Le-Min Lim files this take on the Southeast Asian sale Sotheby’s just held in Hong Kong. Bloomberg decides to go comparative price route suggesting that sales of an artist’s work should make steady progress in price to define a stable market:
A work by I Nyoman Masriadi was the top lot yesterday in Sotheby’s Hong Kong auction — at a price that was a fifth of the record for the artist set last year. [ . . . ] Art dealers said demand was being held back by economic weakness. Last October, a Masriadi image of boxers sold for HK$7.8 million ($1 million), the most for Southeast Asian contemporary art. [ . . . ] Collectors said that last year’s exuberance has gone as export-reliant economies suffer the worst recession in years.
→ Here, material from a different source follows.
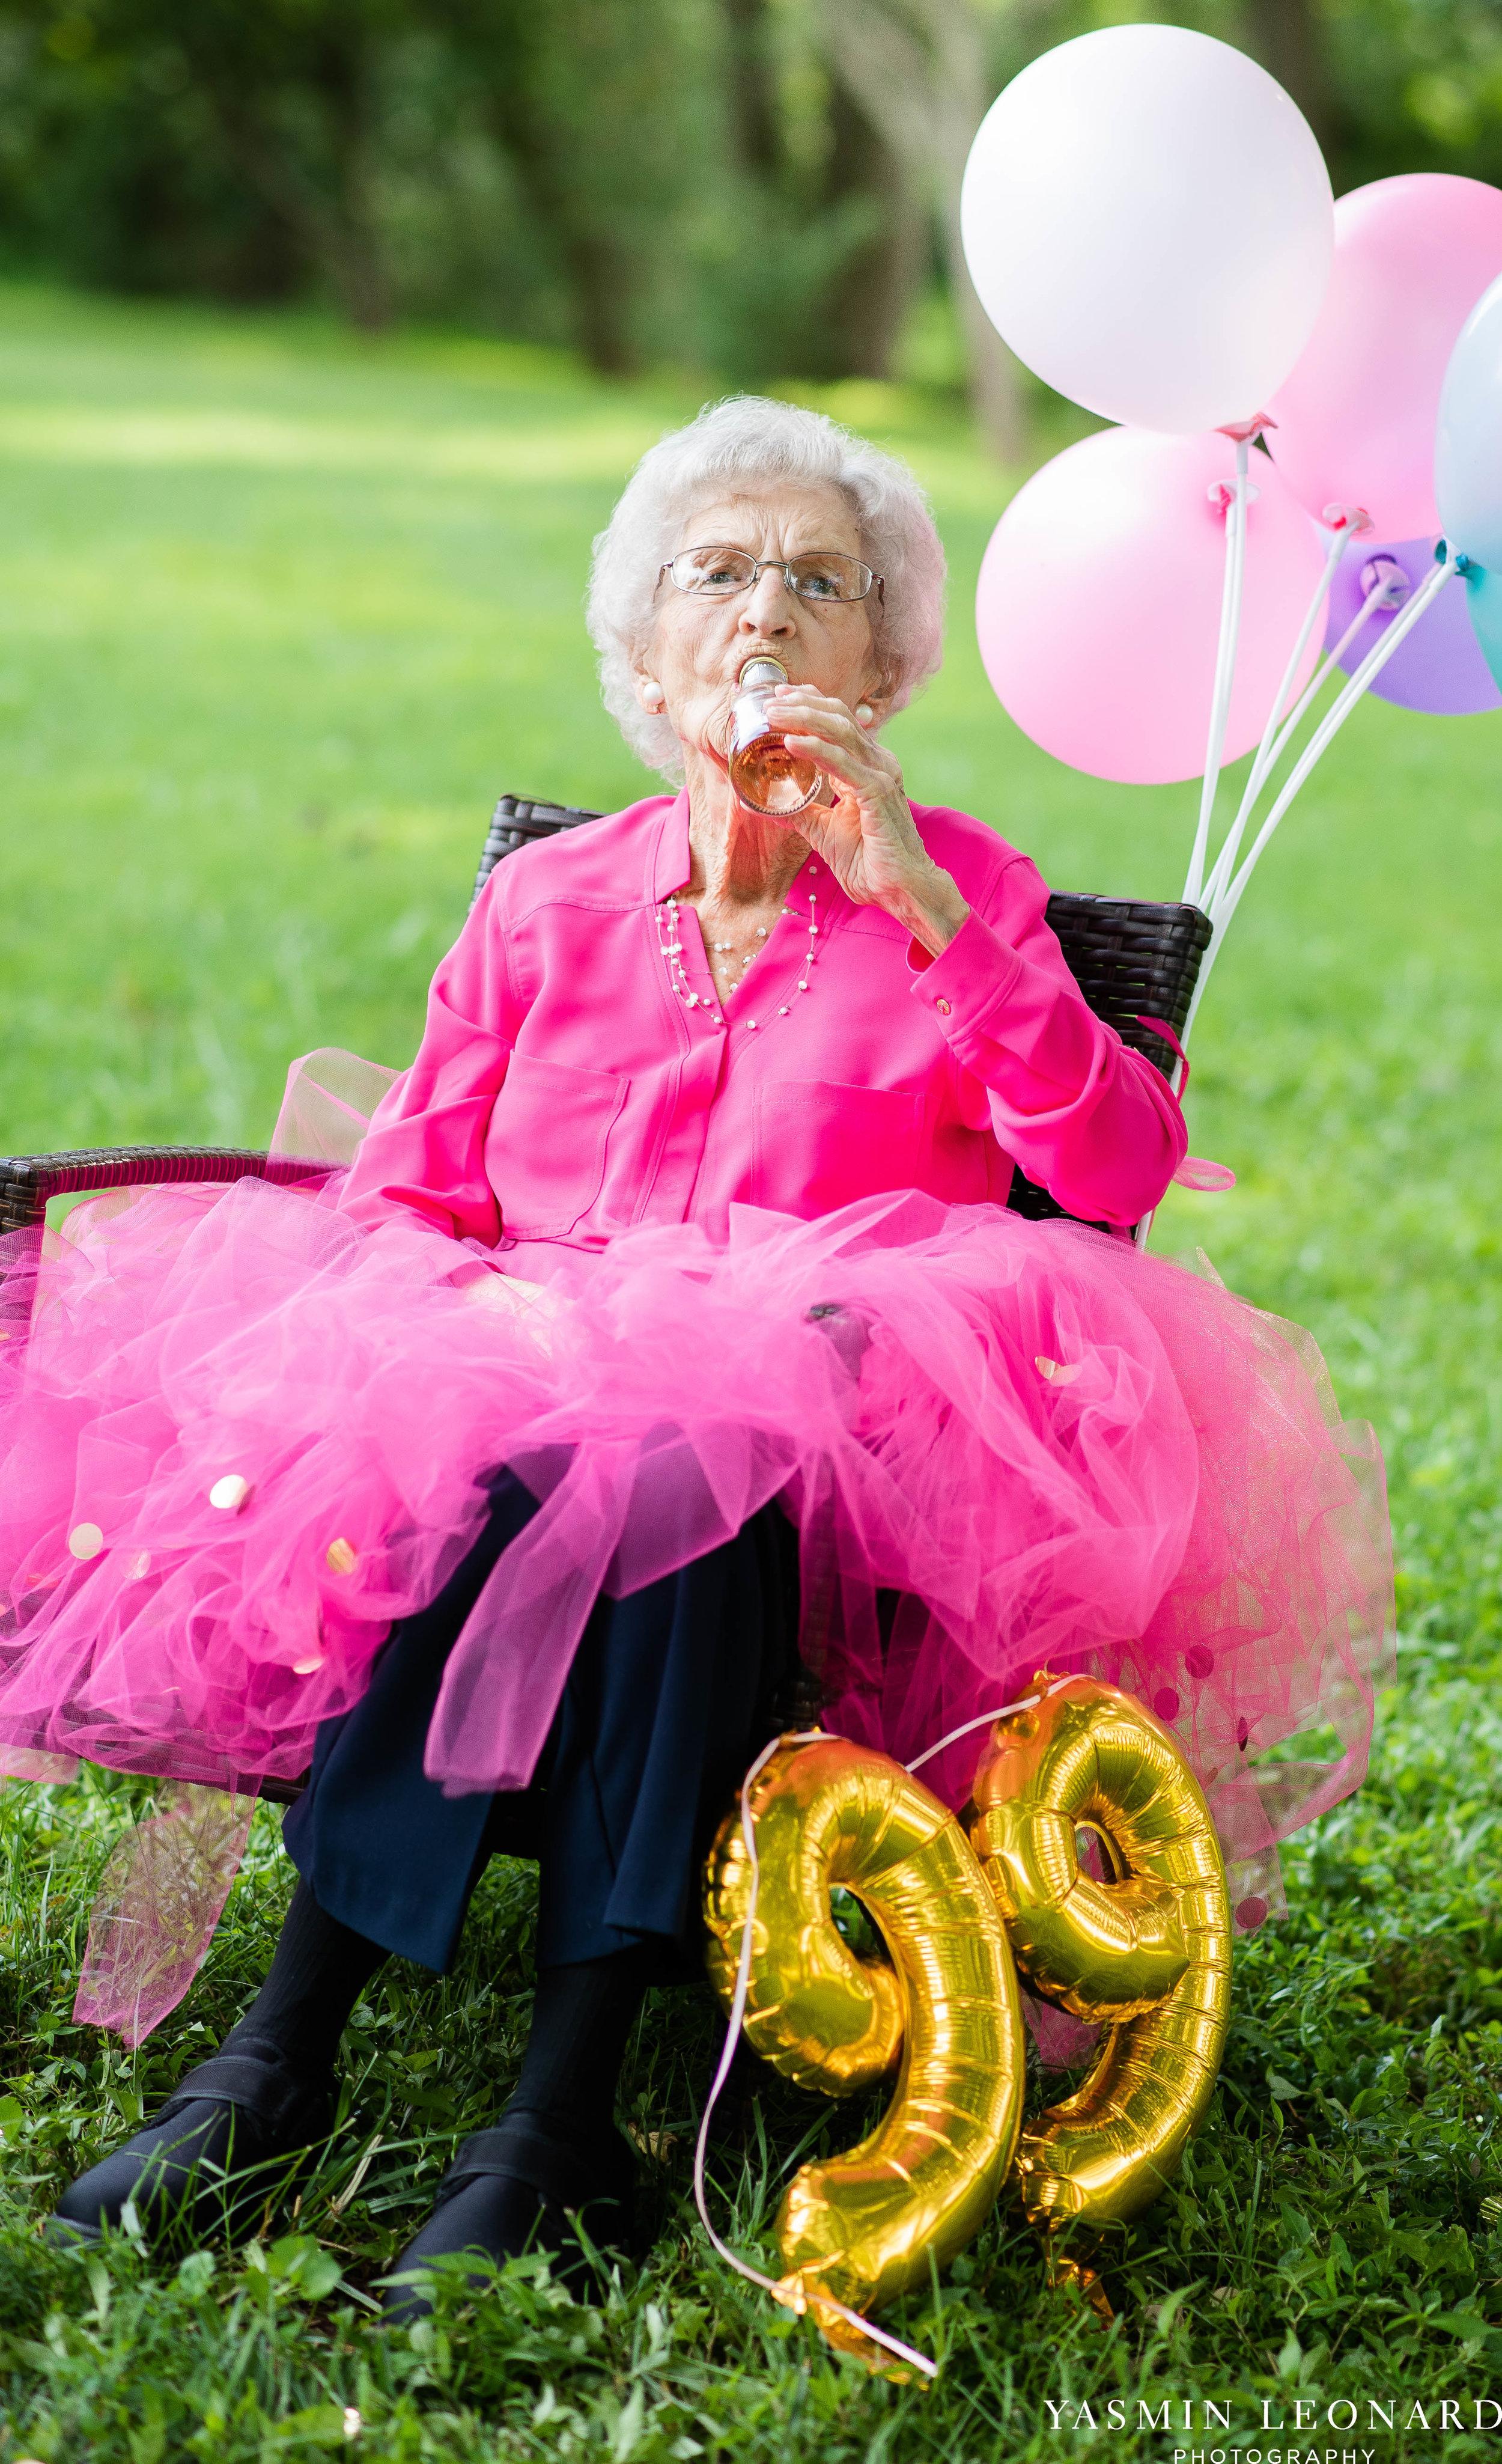 99 Year Old Birthday - Great Grandma Birthday Session - Grandma Birthday Session - 99 years Old - Adult Birthday Session - Four Generations-8.jpg
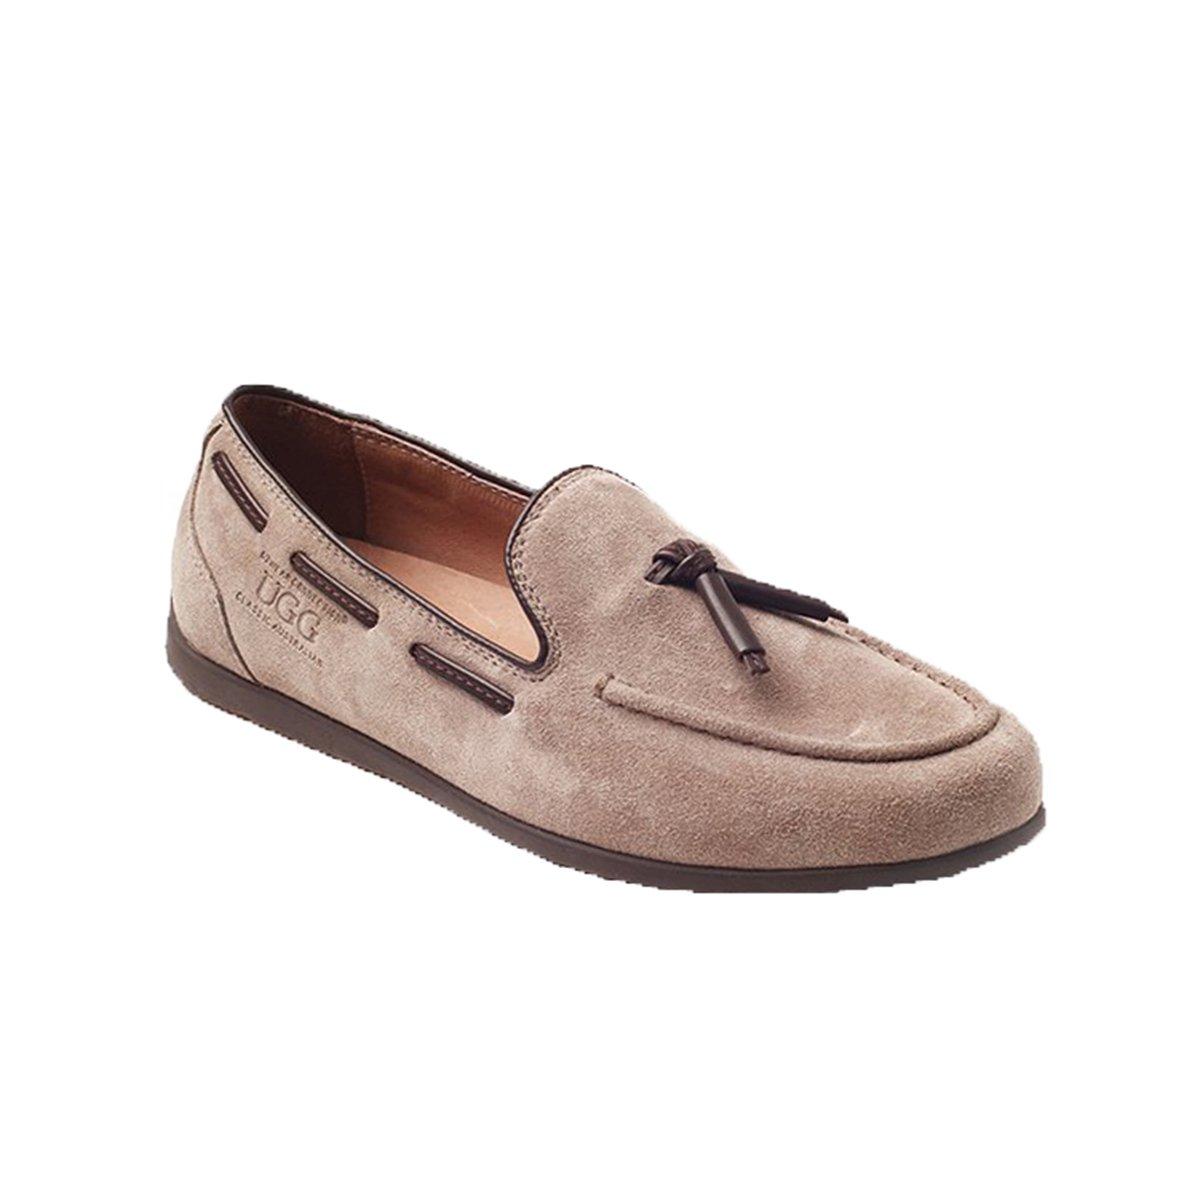 Ozwear UGG Men's Comfort Drawstring Peas Shoes Loafer Flats ,Khaki AU 11M/EU 45/ US11/ UK10.5

Indonesia’s decision in November to prop up the rupiah by restricting foreign-currency purchases has made it harder for the nation’s collectors to buy at overseas auctions.
“It’s a difficult market for Southeast Asian art,” Zhao Xu, a Beijing-based art collector, said in an interview at the sale. “Many Indonesians couldn’t buy even if they wanted to.”
Other Southeast Asian artists also did well in the sale in relation to their pre-sale estimates. Bloomberg suggests this has more to do with overall weak prices. Nonetheless, there was demonstrable and healthy:
As many as 15 bidders fought to buy Filipino artist Ronald Ventura’s 2009 “Oh Boy!” a 274 centimeter-by-202 centimeter oil-on-canvas painting of the battle-scarred Astro Boy movie character turning into a human from a machine. It sold for HK$836,000, against the top estimate of HK$180,000.
“This is a great time to scoop a bargain,” said Philip Ng, a Singapore-based collector, who competed to buy “Oh Boy!” and stopped bidding at HK$550,000. “Prices aren’t outrageous like they were a year or two ago.”